= No-AI label =

Sign for products made without AI

A no-AI sign

A no-AI label is a label used on a product to signify that it was not made using generative AI. Phrases on the labels include but are not limited to "human-made", "proudly human" and "AI-free". Some organisations that provide the labels allow product creators to download and use their no-AI labels for free, while others charge creators for analysing the content and allowing the use of the labels if the organisation believes that no AI was used.

== Background ==
In 2025, Merriam-Webster chose "slop" as their word of the year, a term to describe low-quality content created by generative AI. By then AI-generated content had become harder for humans to detect when compared to previous years, as several signs of AI such as malformed hands and unnatural lighting had become much less prominent. Allison Morrow of CNN wrote that watching TikTok videos felt like taking an AI-or-not test. Some companies such as H&M have faced backlash for using AI in their advertising.

== Overview ==
Some companies use labels to clarify that their products were made by humans, which has been compared to "organic produce" labels that may be placed on food, or fair trade labels. The human-made labels are the opposite of "Made by AI" labels. Phrases used in no-AI labels include but are not limited to "human-made", "proudly human" and "AI-free". Organisations want a unified standard so consumers have an understanding of what "AI free" means. Some organisations allow product creators to download and use no-AI labels for free, while others charge the creators to analyse the content and to allow the use of the labels if the organisation believes that no AI was used.

== Examples ==

A "no AI" sign

iHeartMedia has found that 90% of their viewers want the media they consume to be created by humans. In 2025, the company started requiring that their radio station DJs tell listeners that their content is "Guaranteed Human" during their hourly announcements of the station's call sign (the Federal Communications Commission requires these call sign announcements).

Authors Guild has a "Human Authored" certification. Books that are certified can use a logo that signifies that they were not made with AI. A UK startup named Books By People has an "Organic Literature" certification and allows publishers to use stamps to signify that their books are AI-free. Books by People allows minor uses of AI such as idea creation and formatting.

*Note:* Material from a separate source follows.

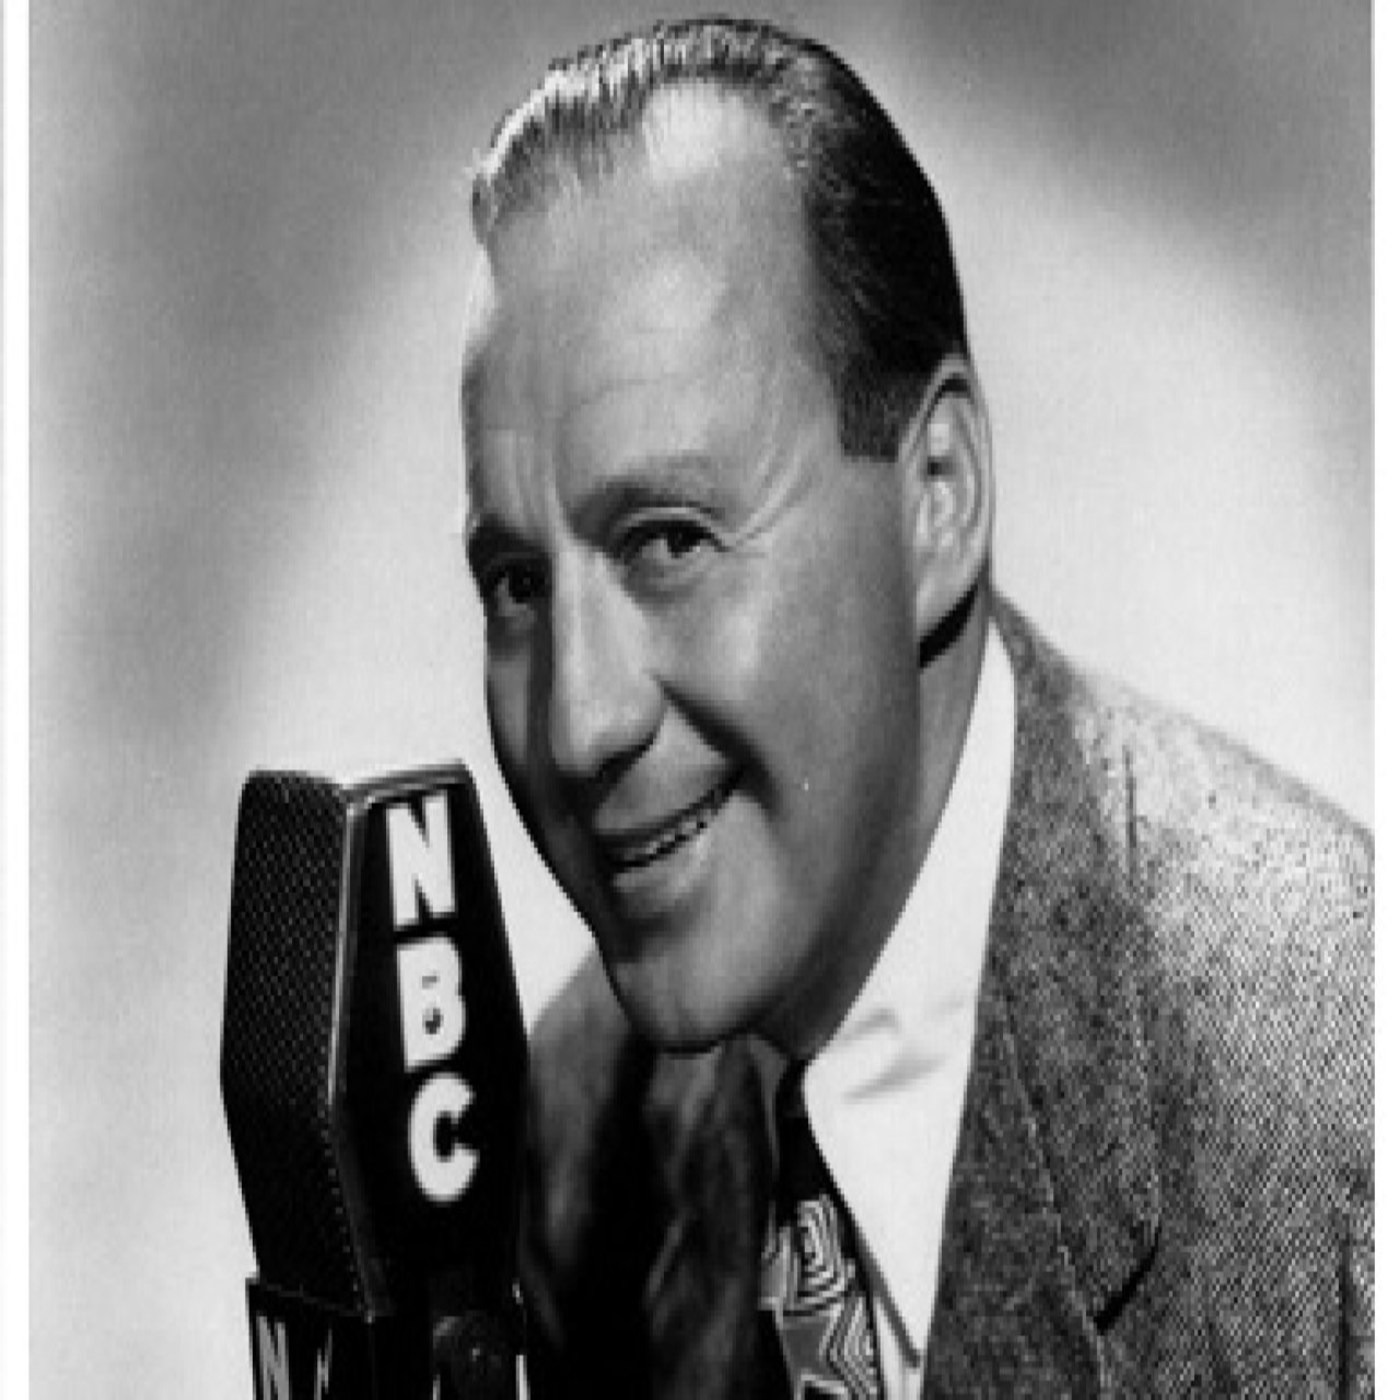 Jack Benny 53-05-31 (849) Jack Listens to the Indy 500 on the Radio

In 2026, the music streaming platform Spotify launched "Verified by Spotify" badges, which are placed on profiles that follow "defined standards demonstrating authenticity". Profiles that release songs that Spotify deems to be AI-generated are not given the badge. In 2026 The Mise En Scene Company released a "No AI Used" label on the marketing materials of its film Forelock at Berlinale followed by an independent disclosure standard at Cannes.